Found in translation


In an early post I looked at the mistranslation of a single word that jumped out at me while I was listening to a Book of the Week. The word was "Romanesque" – used in a context that had nothing to do with architecture. It referred to President Mitterand, whose predilection for seeing himself as a character in a roman provides a strangely appropriate parallel with a fictional  character who shared the first four letters of his name: Walter Mitty. (The source of the mistranslation was well hidden, and is arguable; if you're interested, feel free: here.)

But the reason for picking on that one word  is clear,  given my interest in the process of translation. More recently though I've found another case of mistranslation, that doesn't make the same kind of sense unless David Baddiel (the single-word-mistranslation-hunter in this case) has a similar background to mine (which I doubt). Wikipedia may cast some light, though I'm not minded to spend much time on it.
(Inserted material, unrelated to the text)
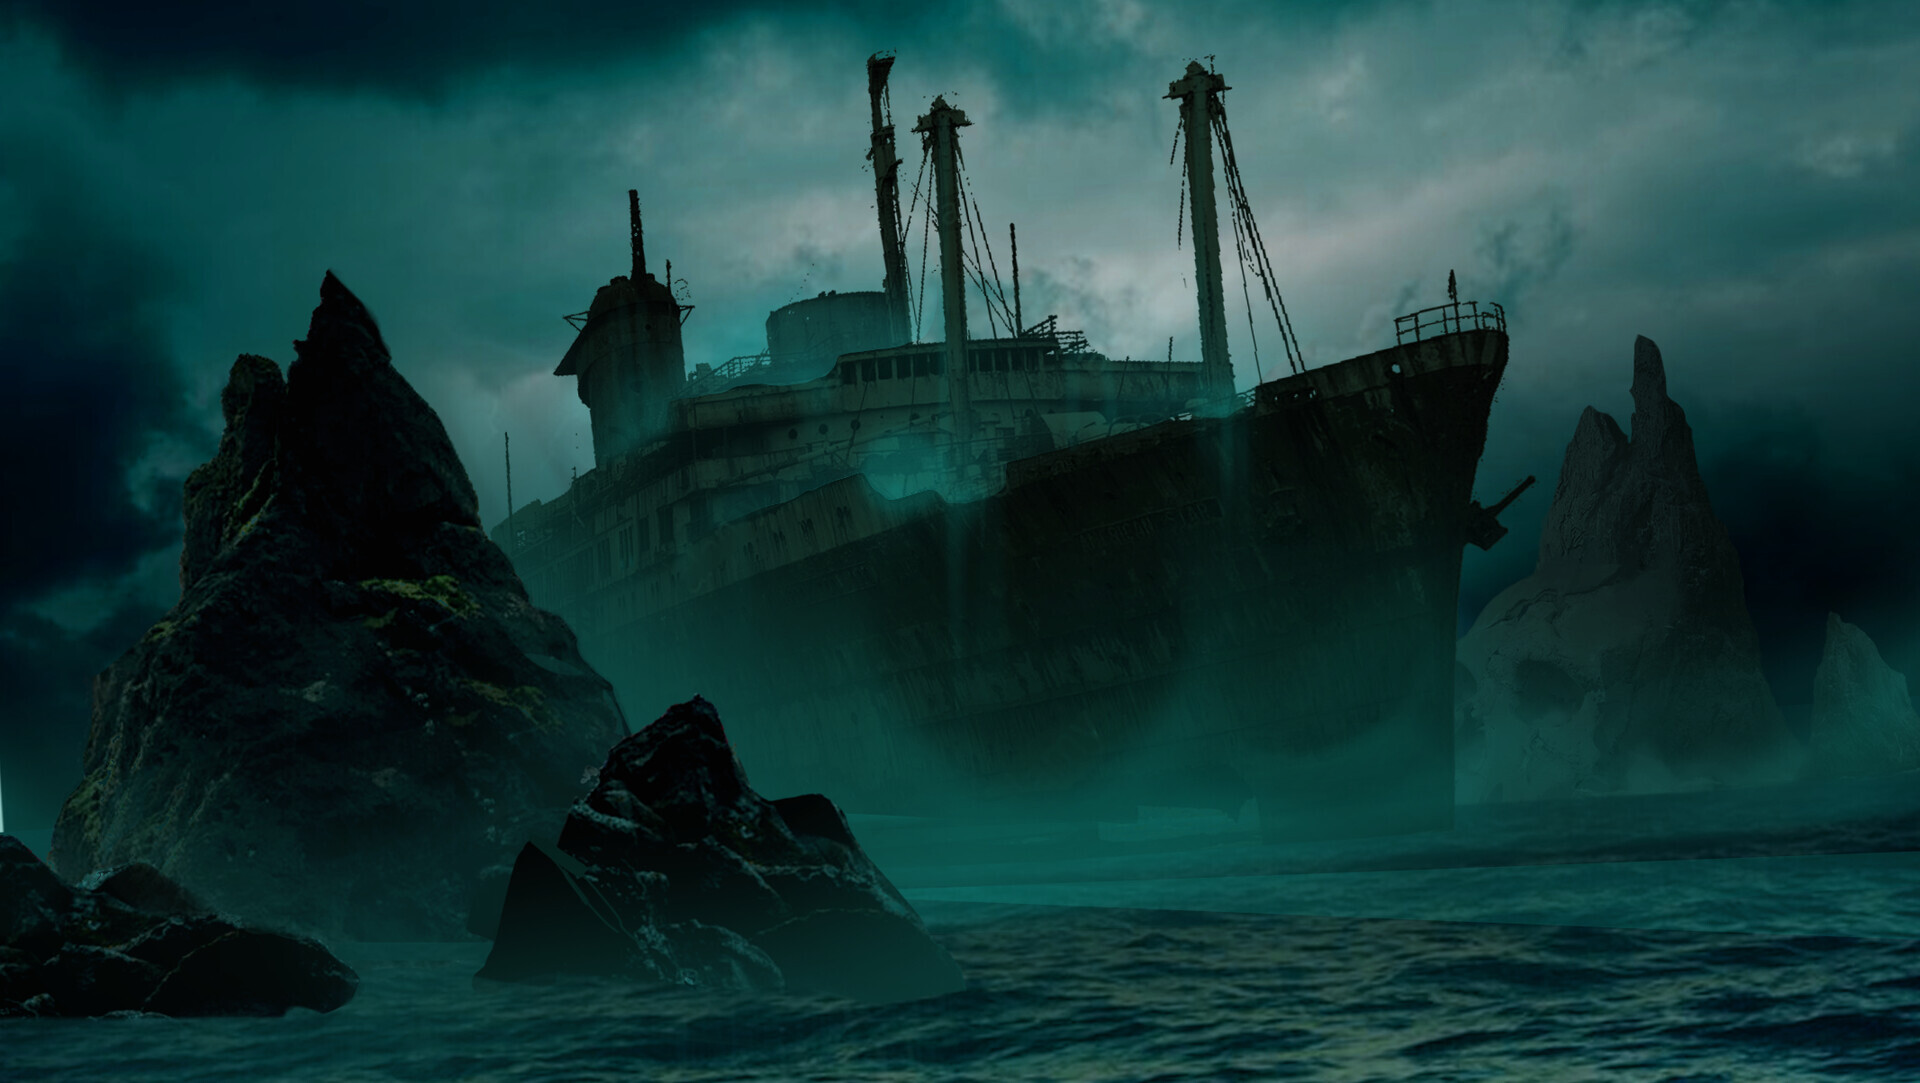 Ghost Ship: A shipwreck at the coast of the ocean, The front part of a commercial vessel. 1920x1090 HD Wallpaper.

The case was documented in an article brought to my attention by an accident (I was toying with the phrase freak accident, but thought better of it. "Freakish" is an accolade that I think is too easily attached to accidents. Freakish is the accident that unearthed the Dead Sea Scrolls, say, and this Baddiel cutting was unearthed less dramatically in a stash of documents that referred not to the early days of Christianity but to an era that could be described as BHD (that is, before this blog started in late 2012).
<digression subject="'-eak' words in clichés">
I'm sure it's just an accident ('-eak' attributes becoming meaningless), but the latest Radio Times claims to have a "sneak preview" of a new Doctor Who series. The "sneak" bit added something once (when there was an unofficial and/or unsanctioned foretaste of some media event) but in this case there was nothing sneaky about  it. The PR department wanted the preview to appear. What's unsanctioned about that?
<digression>
The one word (well two if you want to be pedantic) was Careers Officer. A Baddiel novel used this expression, and it was rendered in the German translation as 'Reintegration into the Working Process Responsible Person'. (the "original" German was Wiedereingliederung-in-den-Arbeits-Prozeß-Betruer  – as opposed to the more predictable [not to say less RSI-inducing] Karriereoffizier). Baddiel met the German translator at some publishing shindig and asked why she had done this. The answer was, in my translation,
'Because I felt like making up a word, regardless of your intentions. I thought it'd be cool.'
In an update to an old post about local colour, I mentioned a song by Antonio Carlos Jobim, and wondered whether the word Rolleiflex had survived in the translation. In a later update I added:

 The good news is that it [HD 2019: the translation] has kept the Rolleiflex. The bad news is that it has introduced an irrelevant bit of cleverness:
I took your picture with my trusty Rolleiflex
And now all I have developed is a complex
Why can't translators just
GET OUT OF THE FRIGGING WAY ?

Five years earlier, if I'd read that edition of The Times, I could have cited yet another instance of overweening  translatorrhoea.

That's enough for today. In a later post I mean to look at the rest of this stash  of early-21st-century cuttings – a number of pieces from the Ben Mcintyre Last Word column. Now though I must go and do a bit of note-bashing for our carol concert: 14 December, 6.00 pm, All Saints', Wokingham.